Comment # 3
on bug 4358
from Alejandro Sanchez
Hi Robert. If you don't care about SUSPEND,GANG and you only want to make use
of CANCEL and/or REQUEUE, a configuration like this is working for me:
# Cluster-wide config
PreemptType=preempt/partition_prio
PreemptMode=CANCEL
# Compute nodes
NodeName=compute[1-2] SocketsPerBoard=1 CoresPerSocket=4 ThreadsPerCore=1
RealMemory=7837 NodeHostname=ibiza MemSpecLimit=837 State=UNKNOWN
Port=61711-61712
# Partitions
PartitionName=lowprio Nodes=ALL Default=YES State=UP PreemptMode=CANCEL
PriorityTier=1
PartitionName=medprio Nodes=ALL Default=NO State=UP PreemptMode=REQUEUE
PriorityTier=10
PartitionName=hiprio Nodes=ALL Default=NO State=UP PreemptMode=OFF
PriorityTier=100
Note that since you don't care about SUSPEND,GANG you don't need
OverSubscribe=FORCE:1 anymore.
$ sbatch --exclusive -N2 --wrap "sleep 99999"
Submitted batch job 20017
$ squeue
JOBID PARTITION NAME USER ST TIME NODES
NODELIST(REASON)
20017 lowprio wrap alex R 0:05 2
compute[1-2]
$ sbatch -p medprio --exclusive -N2 --wrap "sleep 99999"
Submitted batch job 20018
$ squeue
JOBID PARTITION NAME USER ST TIME NODES
NODELIST(REASON)
20018 medprio wrap alex R 0:02 2
compute[1-2]
slurmctld: preempted job 20017 has been killed to reclaim resources for job
20018
$ sbatch -p hiprio --exclusive -N2 --wrap "sleep 99999"
Submitted batch job 20019
$ squeue
JOBID PARTITION NAME USER ST TIME NODES
NODELIST(REASON)
20018 medprio wrap alex CG 0:00 1 compute1
20019 hiprio wrap alex PD 0:00 2 (Resources)
$ squeue
JOBID PARTITION NAME USER ST TIME NODES
NODELIST(REASON)
20018 medprio wrap alex PD 0:00 2 (BeginTime)

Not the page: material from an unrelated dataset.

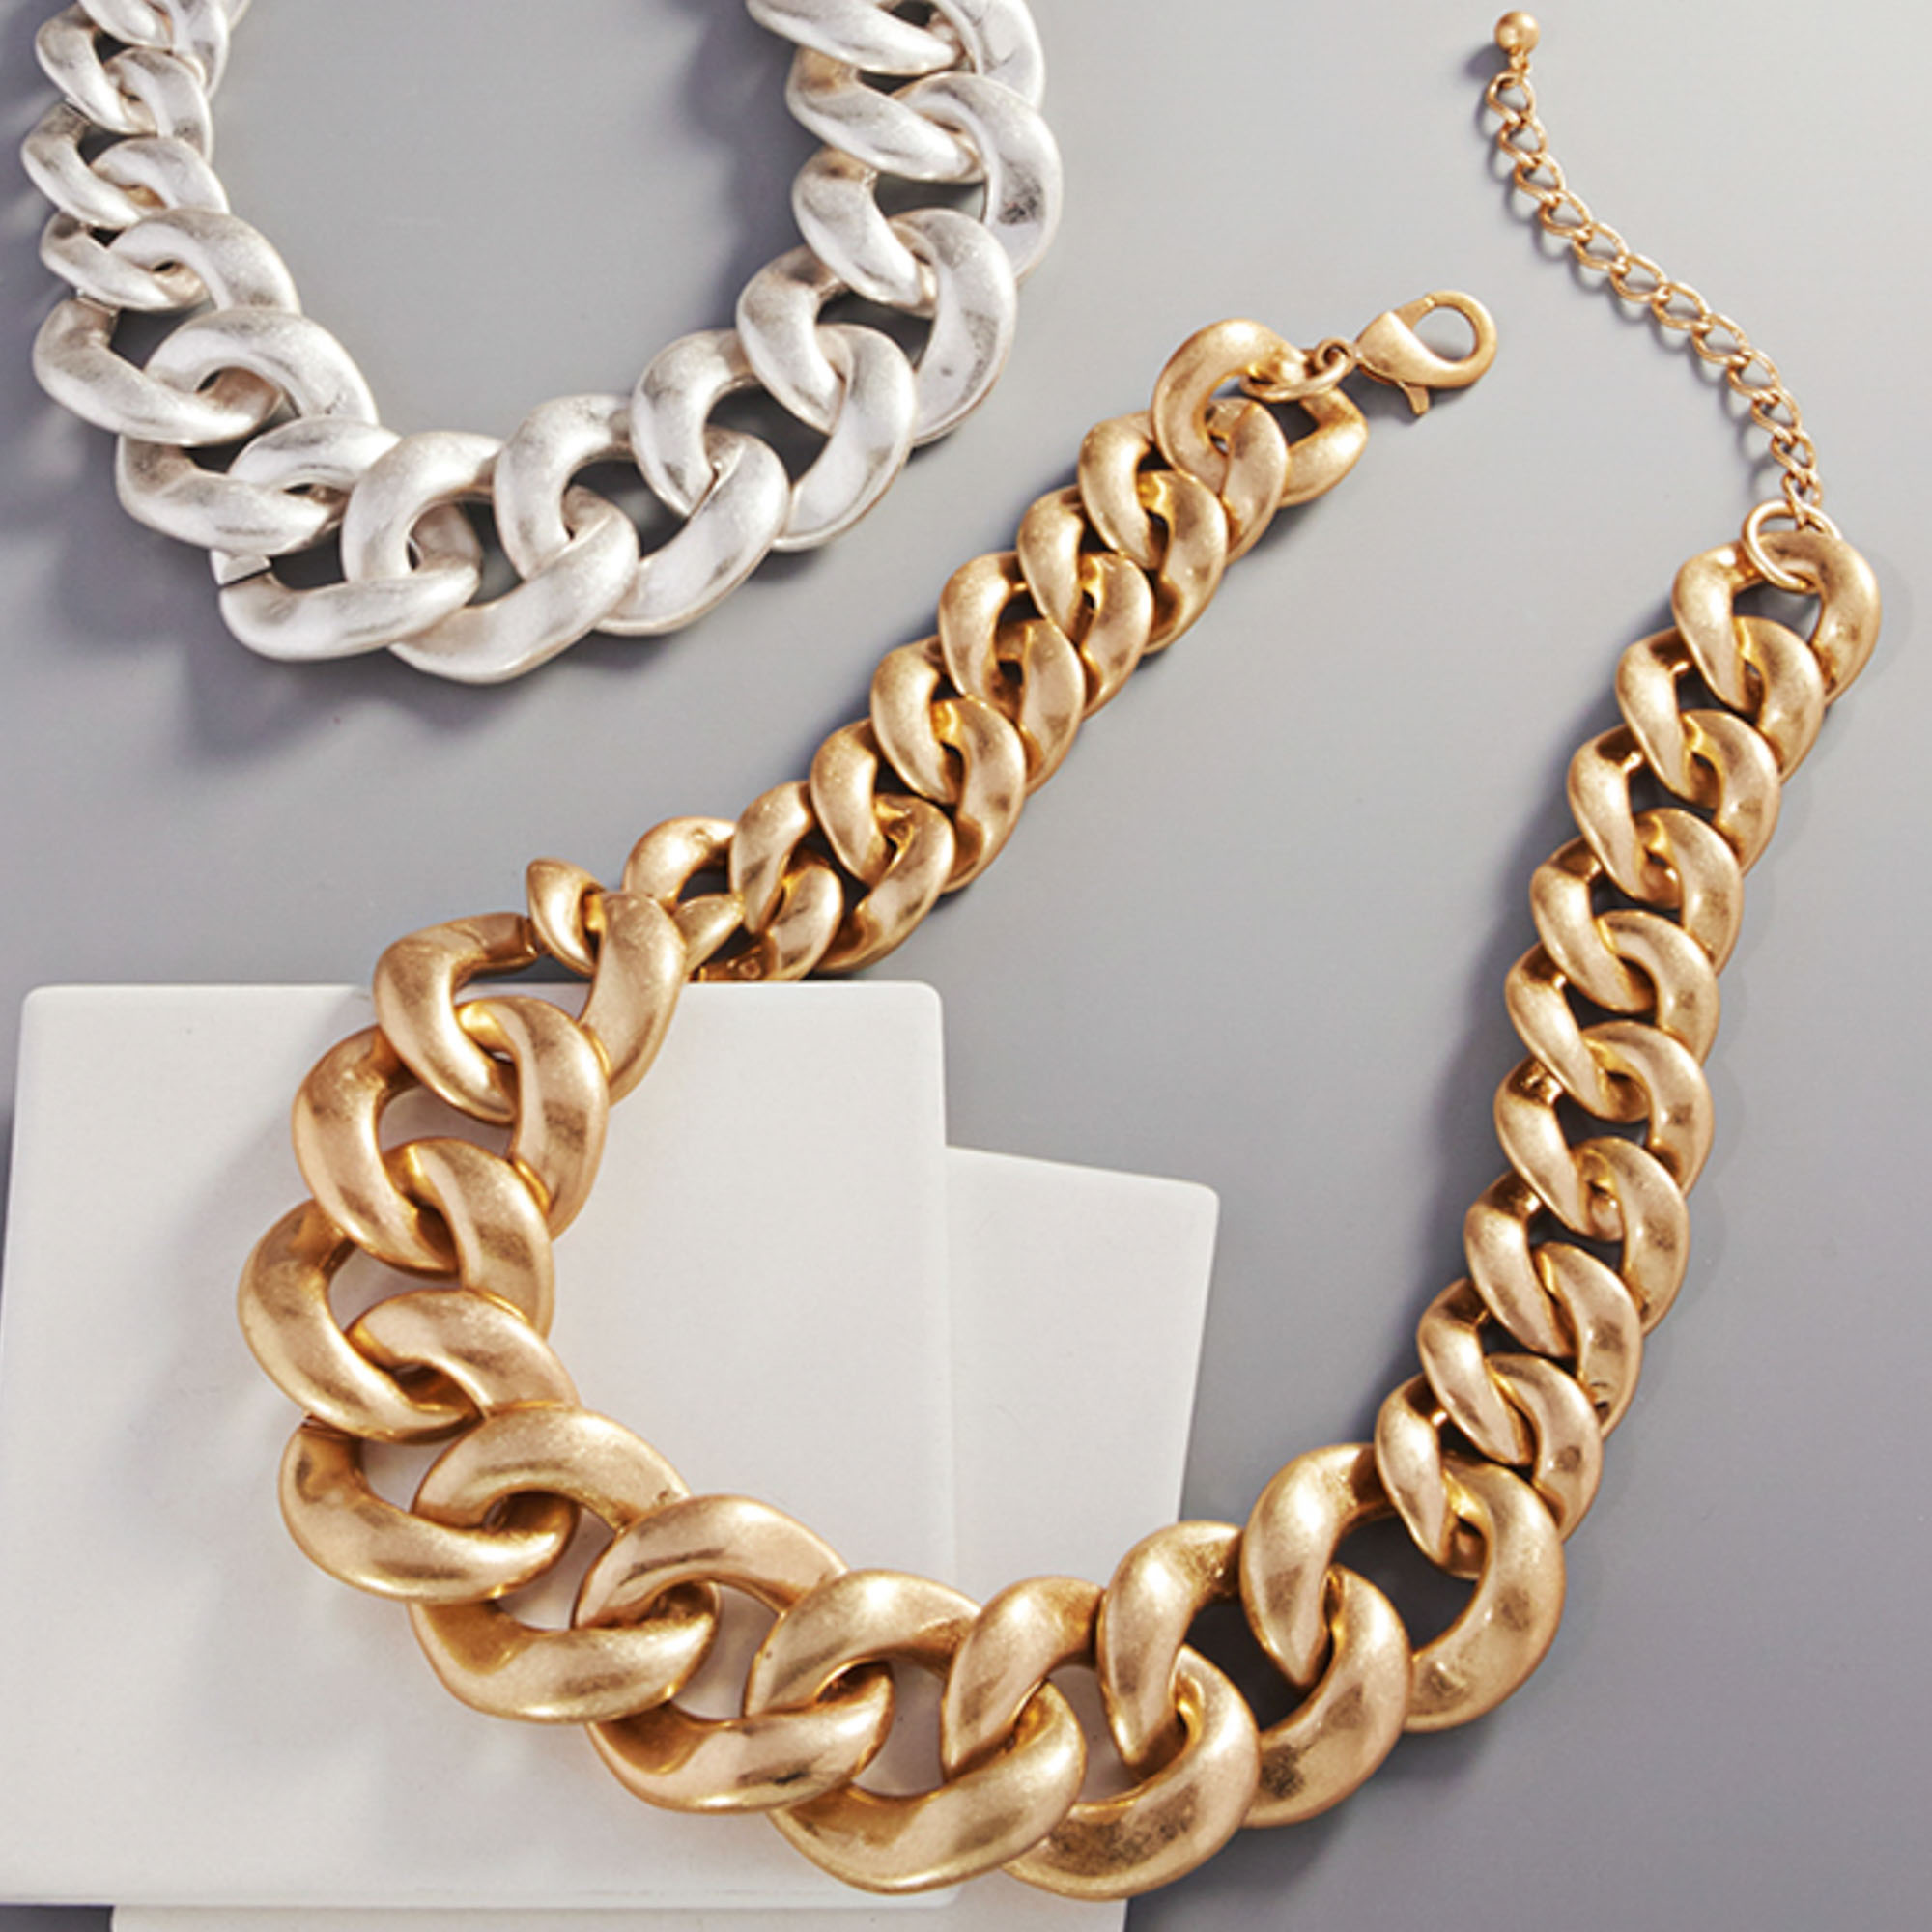 IRREGULAR SHAPED CHUNKY CHAIN CLASP NECKLACE

20019 hiprio wrap alex R 0:01 2
compute[1-2]
slurmctld: preempted job 20018 has been requeued to reclaim resources for job
20019
Could you please configure your slurm.conf to something similar to what I have
but with the 'test' and 'hiprio' partitions, and then restart slurm?
If it's still not working, could you attach the newly changed slurm.conf and
slurmctld.log files?
Thanks.